Other requests had also been made to other member states on their intellectual property taxation regimes known as "patent boxes".

But on Wednesday, the Brussels-executive decided to extend its information requests to all 28 member states with firms dating from 2010 until 2013.

“We insisted that it should be a global level field and we are now very happy that now this level field has been reached,” said Bettel.

Pressure had also intensified on the Grand Duchy to come clean in the wake of leaked documents in November showcasing how Luxembourg’s government had manipulated tax rules to attract companies from around the world.

The 28,000 documents disclosed that some of the companies were paying less than 1 percent tax, draining national coffers elsewhere.

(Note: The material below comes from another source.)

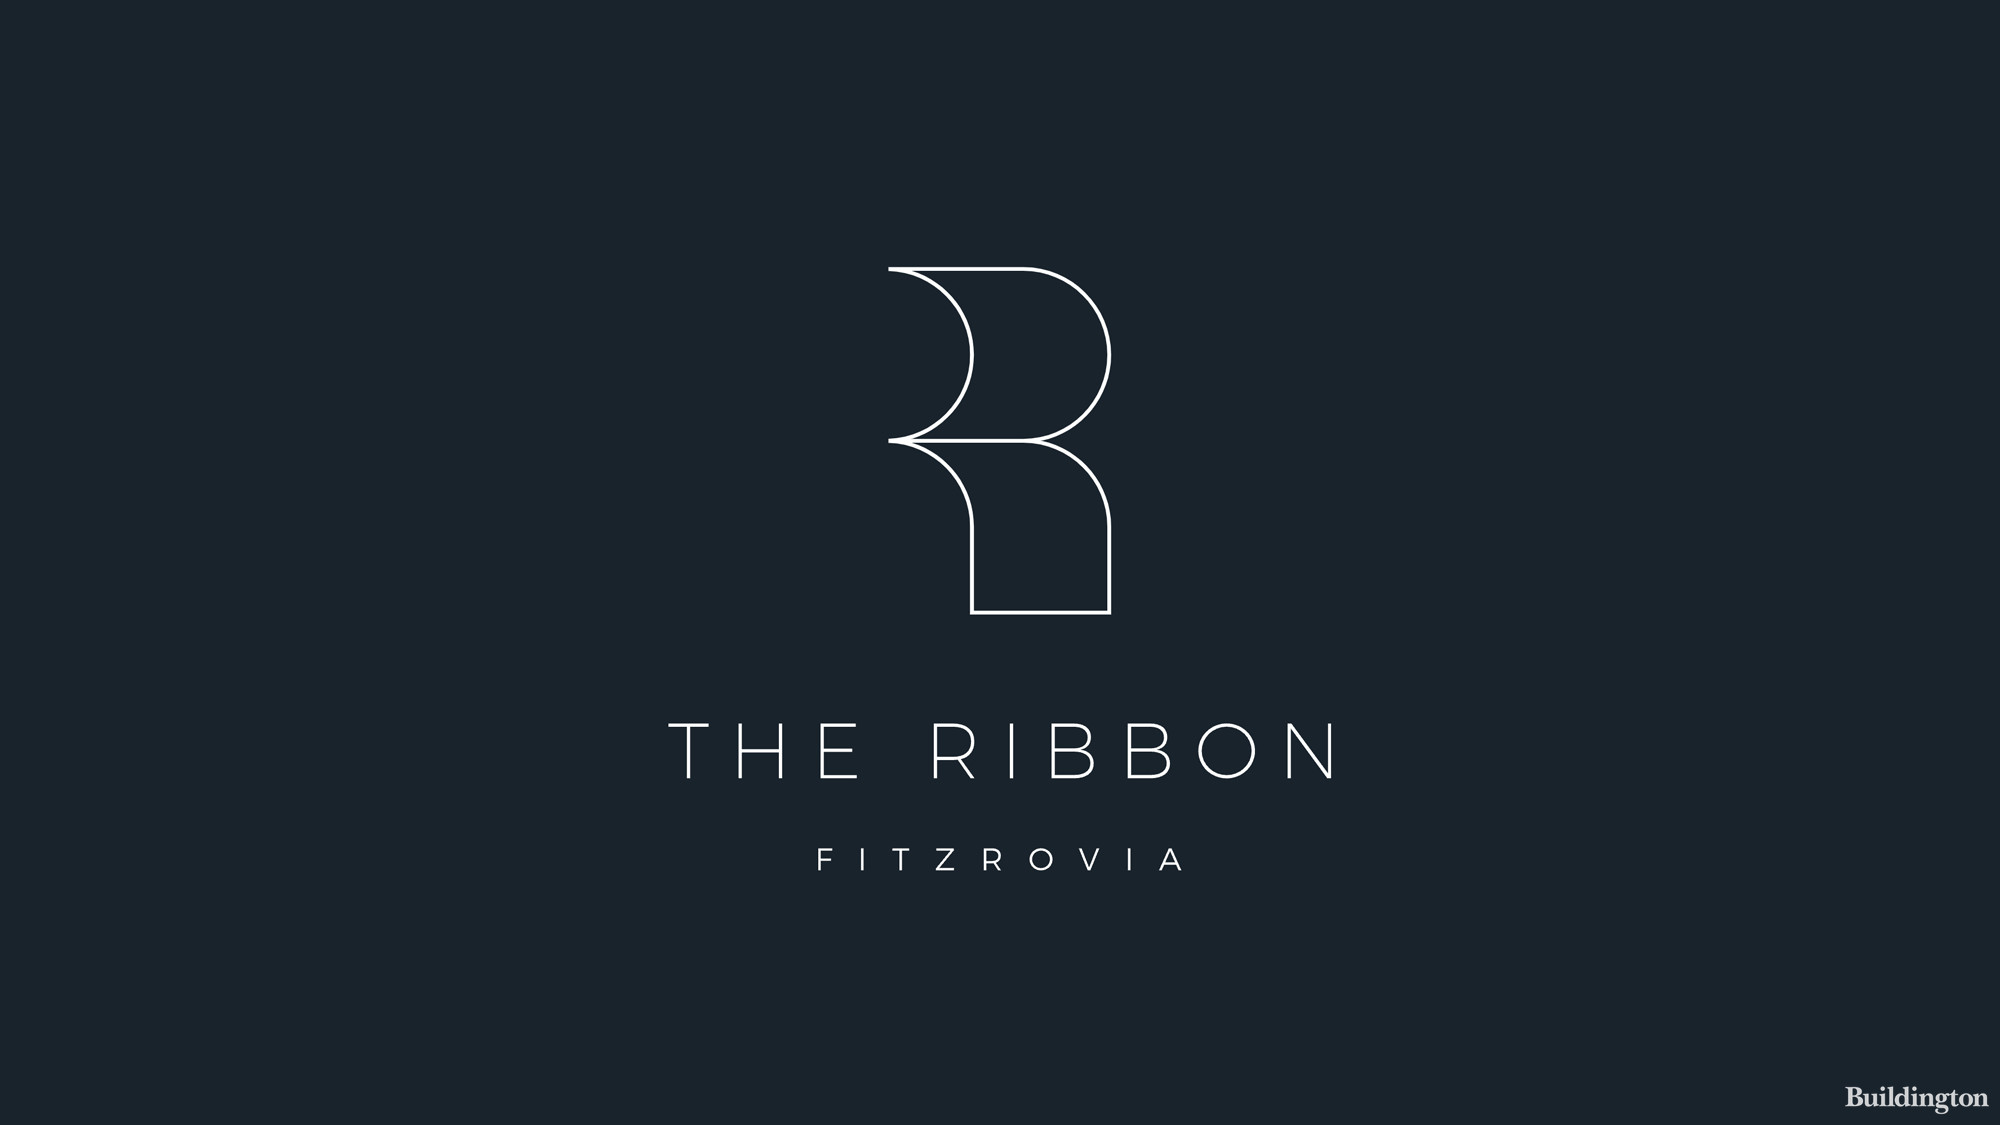 The Ribbon office development on Oxford Street logo cover

The disclosures are also politically sensitive because many of the tax avoidance deals were struck while EU commission president Jean-Claude Juncker was Luxembourg’s prime minister and finance minister.

The commission, for its part, had already launched probes into whether US retailer Amazon and a unit of Italian carmaker Fiat were receiving unfair state aid by exploiting the Grand Duchy’s tax loopholes.

EU’s competition commissioner Margrethe Vestager said she was pleased to hear Bettel’s government now intends to give the commission information on its tax rulings practice and patent box schemes.

“They will now provide the Commission with all the requested information outstanding,” she said.

Luxembourg had initially refused to give the commission information on its patent box scheme, including the details of the 100 largest companies falling under the regime.

They had also refused to give specific details on tax rulings for the years 2010, 2011, and 2012.